LinkedInNewName_1

401k: am I doing something wrong

I’ve been with my current company over 8 years. I’ve maxed out my 401k, plus catch-ups. Yet, only have $385k. I’m 54, and have been working since graduating college in 94. Didn’t start contributing to a 401k until my first corporate job. In my previous job, I have $347k So, in 29 year’s employment my 401ks have only contributed $732k. Am I doing something wrong? Thankfully, I received RSUs, participate in their ESPP program, and put aside a significant amount of each paycheck to savings and other investments (Index fund). I know a lot, their ONLY investment is their 401k, and makes me wonder how will they ever be able to retire.

LinkedIn in🔥 Sep 12, 2023

What is your portafolio allocation in your 401k ?

Netflix cjdoeuc Sep 12, 2023

Is all cash, thanks for asking!

Google iamgooglie Sep 12, 2023

What are you invested in and what are those ERs? That will probably help you more. Expense Ratios are likely your drag here. Find low cost ones. I’m talking less than 0.1%. For reference my biggest ER is 0.05%.

LinkedIn NewName_1 OP Sep 12, 2023

I’m invested in 5 funds. My Expense Ratios are between .014% to .044%. About 60% is in two Vanguard funds: Russell 1000 and Institutional S+P 500. In total, looks like I’m up about 9.5% YTD and 9.88% in the last year. (Is that factoring in my contributions?) Looks like it’s up about $100k in the past two years, but that’s counting the ~$72K I and my employer contributed.

Amazon Kydf63 Sep 12, 2023

Well, first of all you are doing far better than the vast majority of Americans. Second, most of us weren't able to contribute a huge amount to 401k (and mega back door wasn't nearly as common) until recently as salaries rose to astronomical levels, despite what the average Blind user expects. So I think you are doing just fine.

Microsoft boomuncle Sep 12, 2023

I am 48, started contributing around 30 (so 18 years), have about 800k in 401k, 450k in Roth IRA and 200k in wife's Roth IRA. Those are my retirement savings. Stock is separate. So yeah I think expense ratios may have been the issue. Also mega backdoor (but that doesnt impact 401k).

Oracle snoracle Sep 12, 2023

Is your previous job 401k still allocated correctly? It's possible that when you left it became a rollover IRA with the money not invested in anything so it didn't grow. It should have about doubled in the last 8 years. Your numbers for the last 8 years sound right since they haven't had much time to grow. It should double every 7-10 years.

LinkedIn in🔥 Sep 12, 2023

I will send you a DM

Western Digital Golang GG Sep 12, 2023

Well these 3yrs suck so…

Google cPr3a7 Sep 12, 2023

“Only have 385k in 8 years” could mean many things. What’s the principal, what’s the growth, what are you invested in, does your company have after tax 401k, did you Max it out, etc?

New
FVEY 🖐️ 👁️ Sep 12, 2023

The 401k may be invested too conservatively. Given S&P historic returns, it should be higher.

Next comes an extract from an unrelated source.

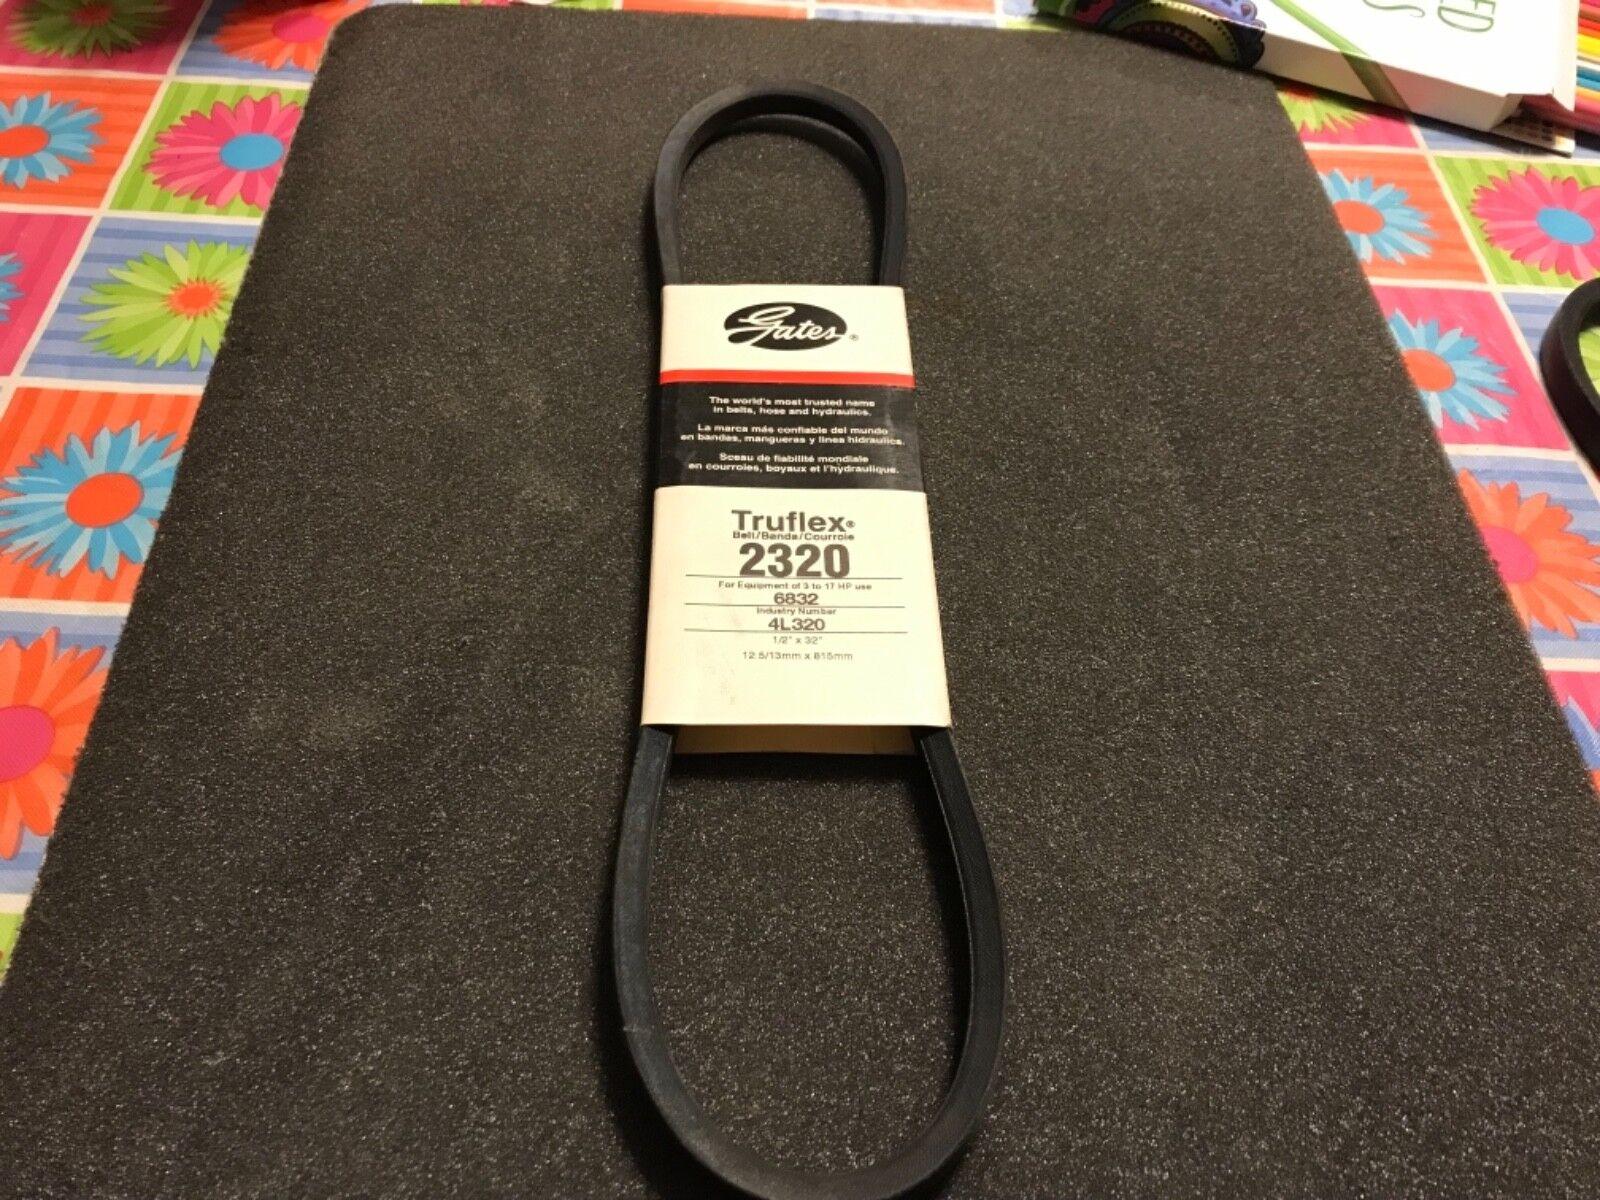 30 Length L Belt Section Rubber Browning Industrial Belts 2L300 FHP V-Belt

LinkedIn NewName_1 OP Sep 12, 2023

I will admit that recently, I did more to less risky, more conservative funds. Mostly because I’m getting close to retirement. Prior, they seemed relatively aggressive. It’s one of these investment funds honestly I don’t pay much attention to. I still contribute—max it out and company match—but then it just sits there. My former employer’s 401k, I rolled over into an IRA our financial advisor is managing. I’ll also share I’m seriously trying to get the SO to green light is canning our advisor and moving funds into VTI or VTSAX.